Re: The state of the heimdal project




> > Goal: 0.8. Here is a heimdal-0.8rc1.tar.gz. 0.8 will be due 20061031.
> > Test and report back until that date, or 0.8 will be as good/bad as
> > 0.8rc1.
> 
> But until all things that is on my list of putting into 0.8, what the  
> point ?

You did ask what's the point of going forward with 0.8 until all
things that are on your list which should go into 0.8 are done?

0.8 was just an example. Say 0.7.3 or whatever.
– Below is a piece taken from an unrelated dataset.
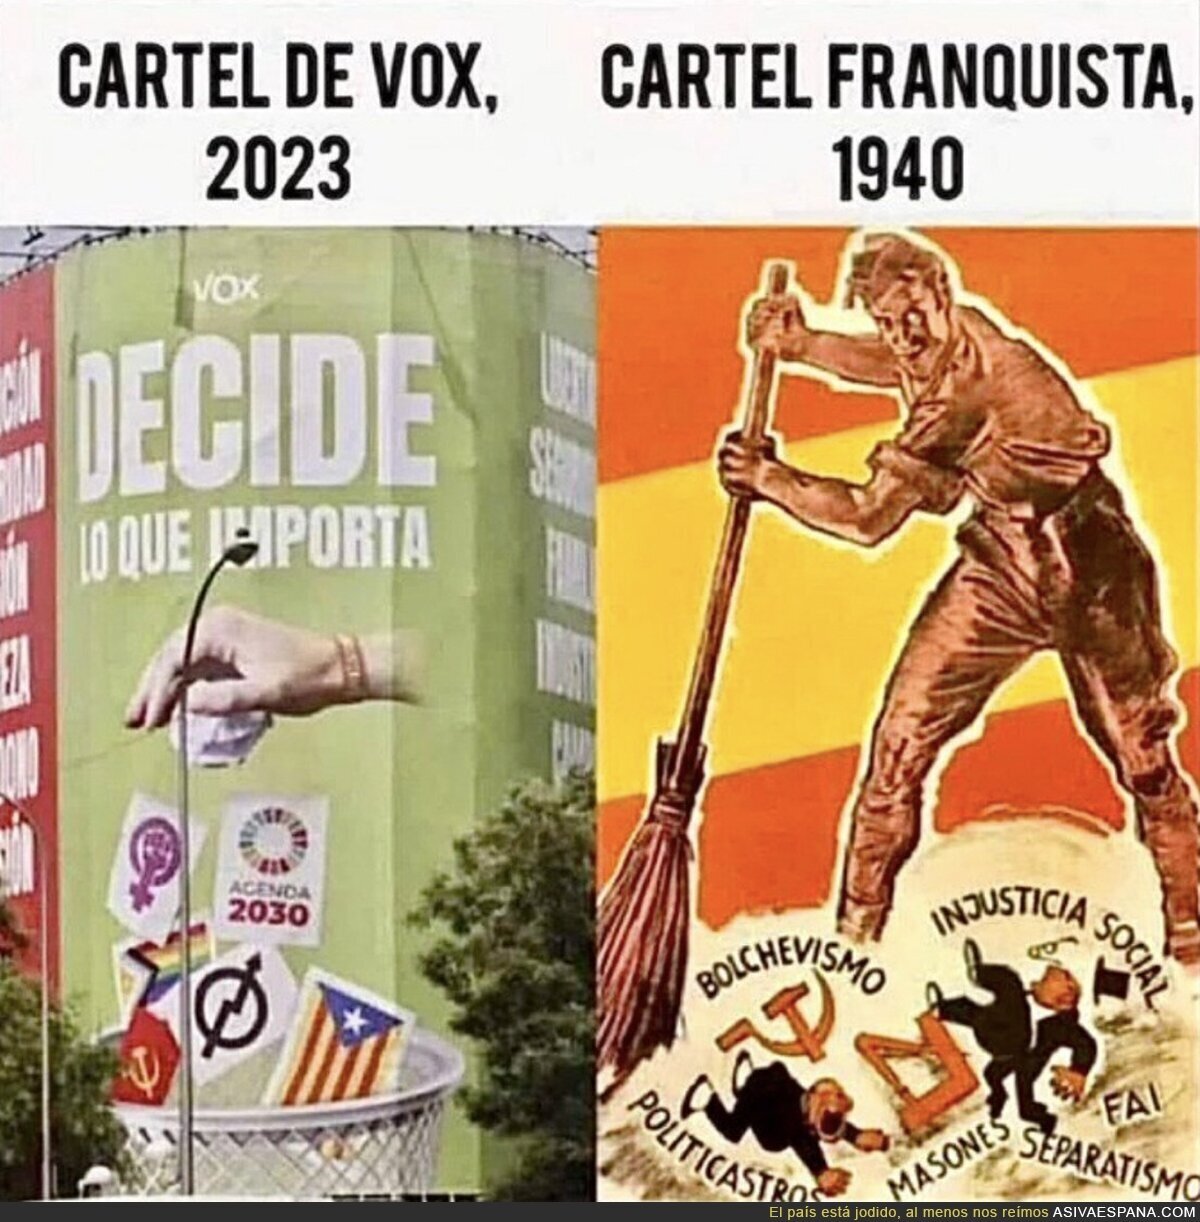 VOX es fascismo

It really does not matter so much what features or bugfixes are on the
list of the programmer. The release manager sets a date. What is done
until that date is in release X. The rest will be in release X+1 or
X+2. If releases are scheduled regularely it is not so bad to wait
some extra month. The desperate ones can run snapshots anyway, can't
they? That way you get predictable release cycles towards the
packagers for distros. If you wait too long between releases,
the world (even known as OS releases) has changed very much and
the project will have a hard time to catch up the big step the
world has evolved.

> And what is diffrent in this compared to how I do this today ?
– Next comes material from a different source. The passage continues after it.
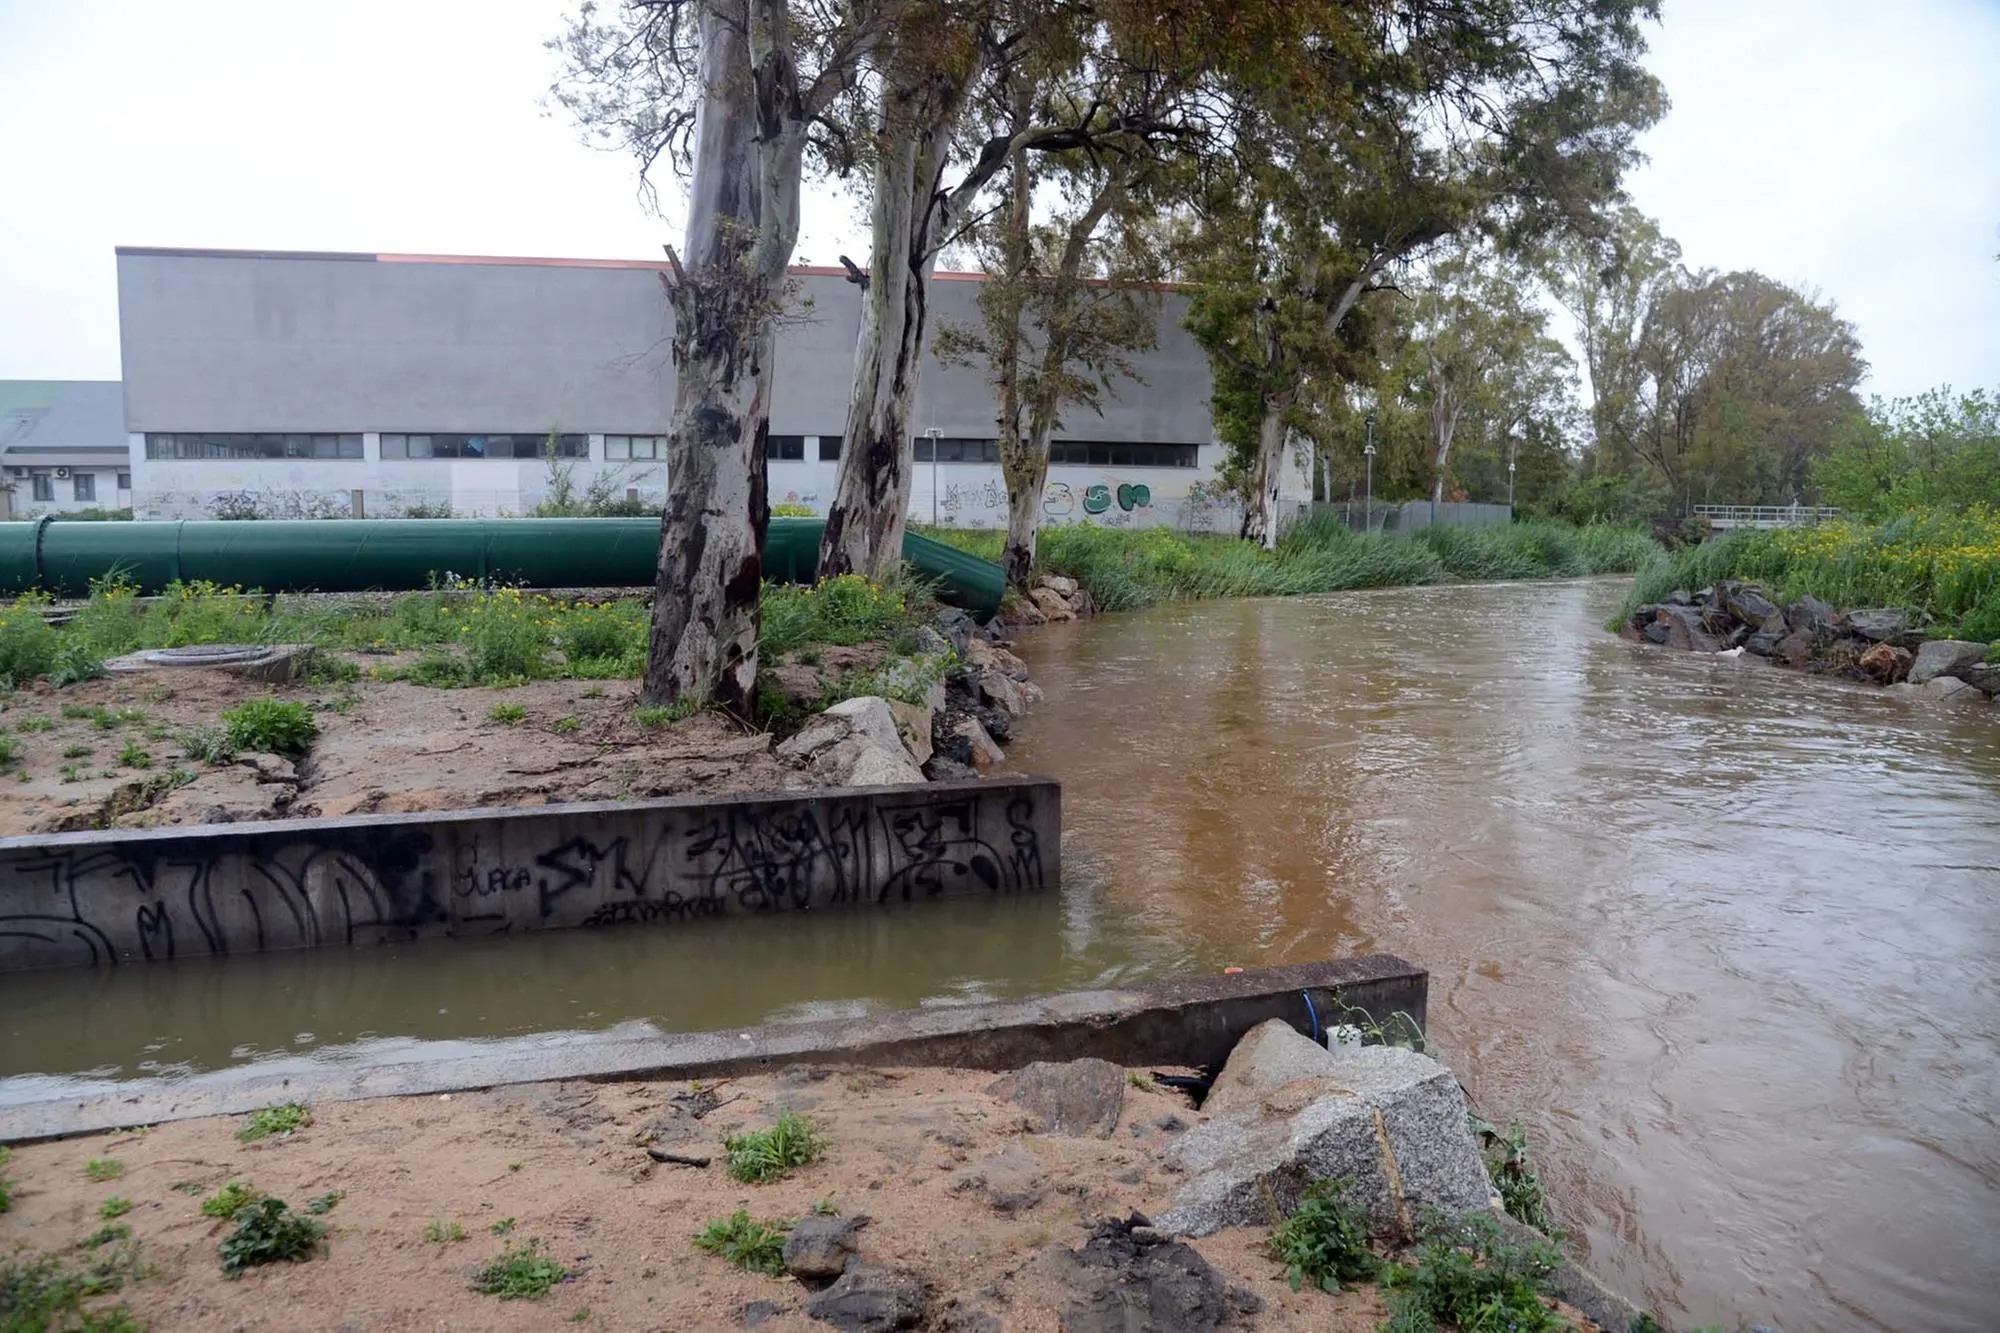 L'istituto Ipia vicino al rio Seligheddu, zona ad alto rischio idrogeologico (Foto Satta)

> http://www.stacken.kth.se/lists/heimdal-discuss/2005-08/msg00022.html

1. Announce the next release date much earlier, say 1/2 year in advance.

2. Make time between rc1 and release date longer that "in the beginning
of next week". It will take approx a month (it did).

3. Keep the announced release date. Rather cut the feature list than
miss the release date. The exception to the rule is of course
showstopper security bugfixes/releases.

> 0.7.2 was a security release, I can't announce in public for testing  
> so I did it privately.

True.

Harald.

PS: This is just dumped from my head, if there are any insightful sites
    about release management on this Internet you know about, either
    for or against my theories, feel free to fill in.